The importance of this cannot be over-emphasised. Conversations help:

Develop empathy and closeness. Children, then, will not make choices solely based on “what’s in it for me?” Children in close-knit families take on responsibilities out of choice, because they feel they are an integral part of running the household.

Remove blind-spots. We hear tragic stories where parents were not aware of what their child had been through, until things went out of hand. A culture of having heart-to-heart conversations helps parents develop a strong relationship with their children, so that they can notice a slightest change in behavior.

Treating mistakes as precious opportunities

On one hand parents find it hard to enforce discipline, and on the other they take their children’s mistakes as a bad reflection on themselves. If seen in the right light, every instance when the child makes a mistake is a chance to sit with the child and discuss why it happened and what they can learn from it.

Instance 1:

Parent: “Why do you think you made a mistake in solving this problem?”

Child: “I got confused in counting the decimal places.”

Parent: “That’s great! Now you know this was not very clear to you. Let’s try solving a few more questions of this type to understand it better.”

Instance 2:

Parent: I know you lied to me that you did not break the mobile screen. Why did you not tell me the truth?

Child: I was scared that you would scold me.

Parent: Yes, I might have got angry for that moment because a mobile is an expensive gadget and it is also very important for my work. You have to be very careful while handling fragile things. Having said that I need you to know that you are more important to me than anything else in this world. From now on you won’t lie to me. We will trust each other to tell the complete truth. Is that a deal?

Child (with a hug): Yes!

A child who knows he is allowed to make mistakes, and that he will receive the right guidance will not be aloof and alienated.

Sharing responsibilities at home

Early on, giving small responsibilities to children makes them empathetic towards the role of adults in the family. Simple things like packing vegetables in fridge bags , taking out the garbage, watering plants and serving food to guests makes children feel connected with the family.

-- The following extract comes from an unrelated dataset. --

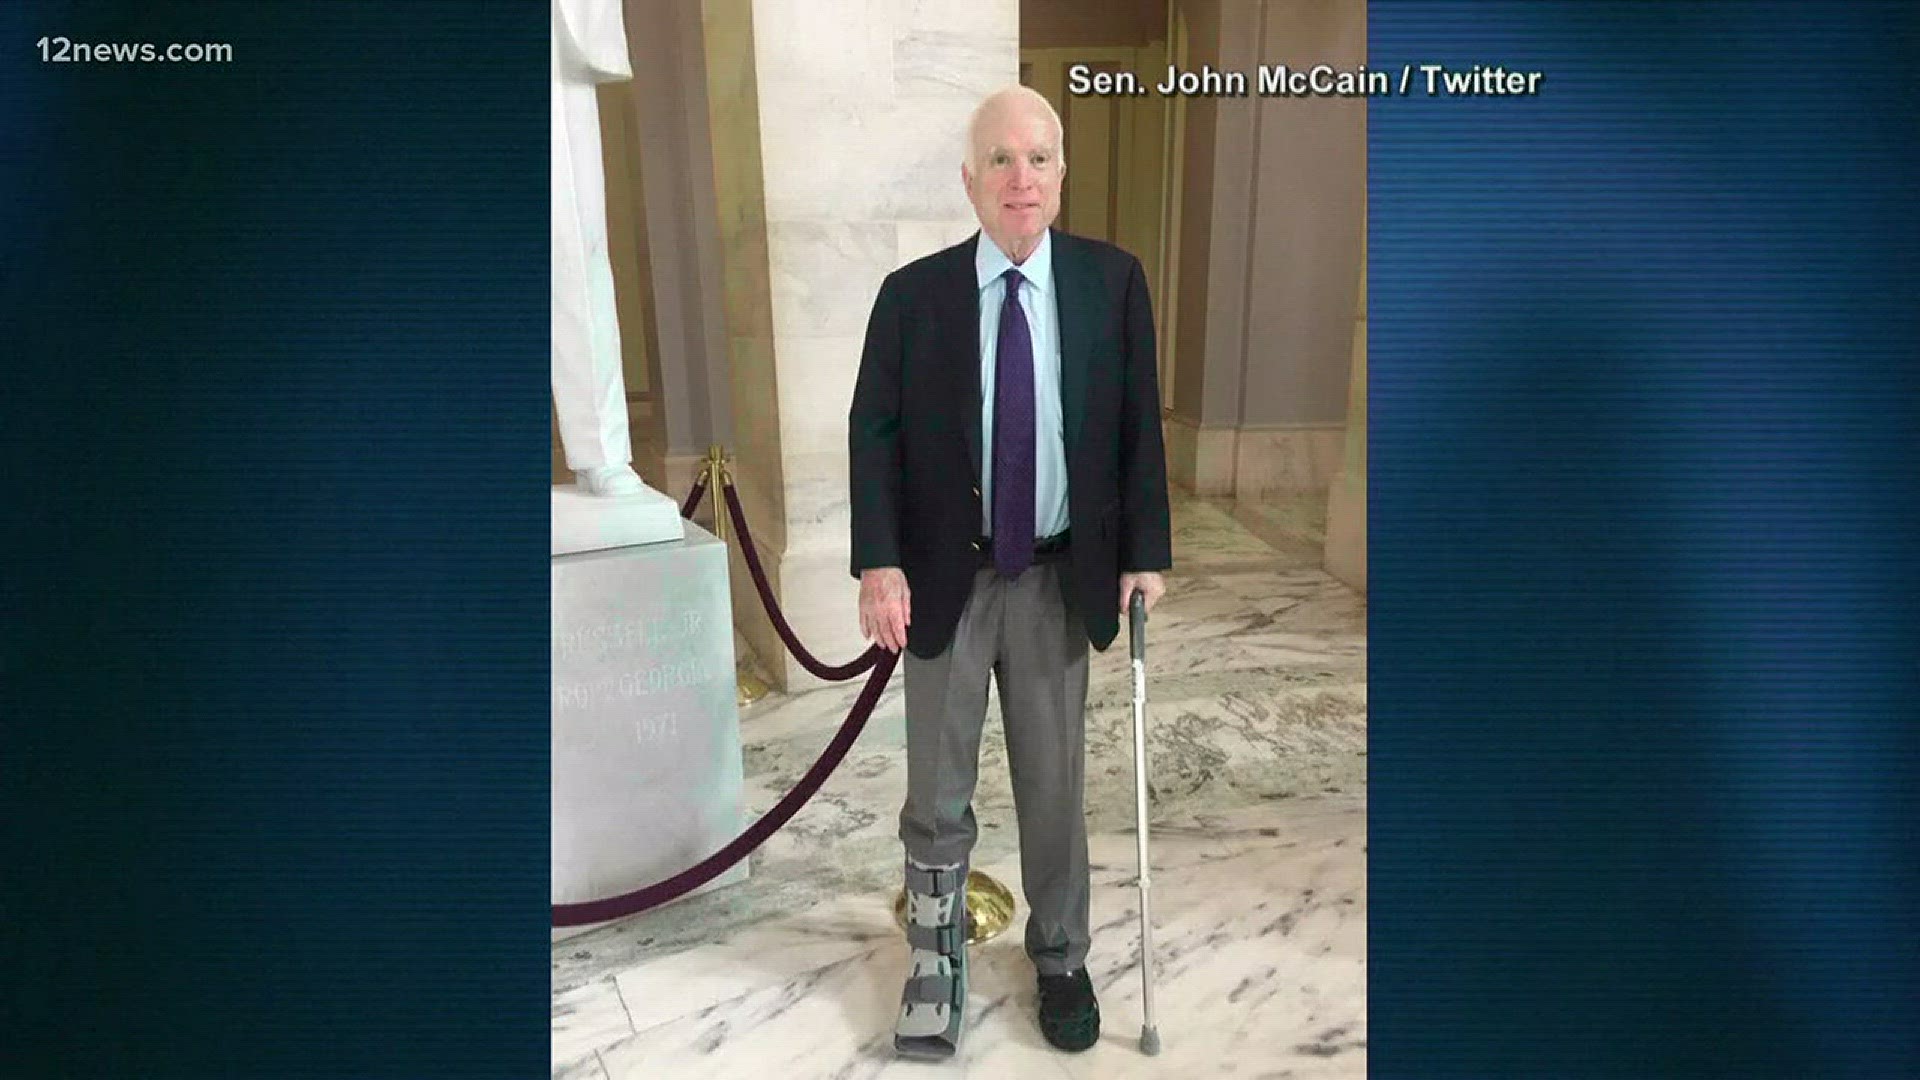 Sen. John McCain's office released a statement saying that the Senator was treated at Walter Reed Medical Center over the weekend.

Parents who give their children an easy, responsibility-free life do them no good.

“Giving responsibilities to children is a way of letting them know that they are not only loved but needed.”

Wendy Mogel

Creating an environment of mutual respect

An over-indulged child takes others for granted and becomes disrespectful. There comes a point when a parent might get furious and say, “Don’t you dare talk to me like that!” However, respect is commanded, not to be demanded. The family culture and house rules need to be in line for a respectful environment to evolve.

A sacrosanct rule is to never criticize or reprimand children in front of others, even as a joke. We learn in corporate culture that feedback is to be shared 1:1. But we forget to apply this in our personal lives.

Then again, if a child does show disrespect without provocation, it is important to set down the ground rules clearly and in time.

  • “In our family, we respond promptly when our name is called out. I want to make this very clear. Is this understood?”
  • “You have the right to not agree with me on a topic. But banging the door is not something that we do in our house. I hope you won’t do this again.”

The message should be clear and firm. Very importantly, parents should demonstrate the same behavior that they expect from children.

A friend of mine once said, “I don’t believe in being my child’s friend. He has many friends. But he only has one set of parents.”  It wasn’t said in the extreme disciplinarian sense of parenting, so I agree. At least to the second part. Our children have only one set of parents. Let’s be what we are meant to be for them.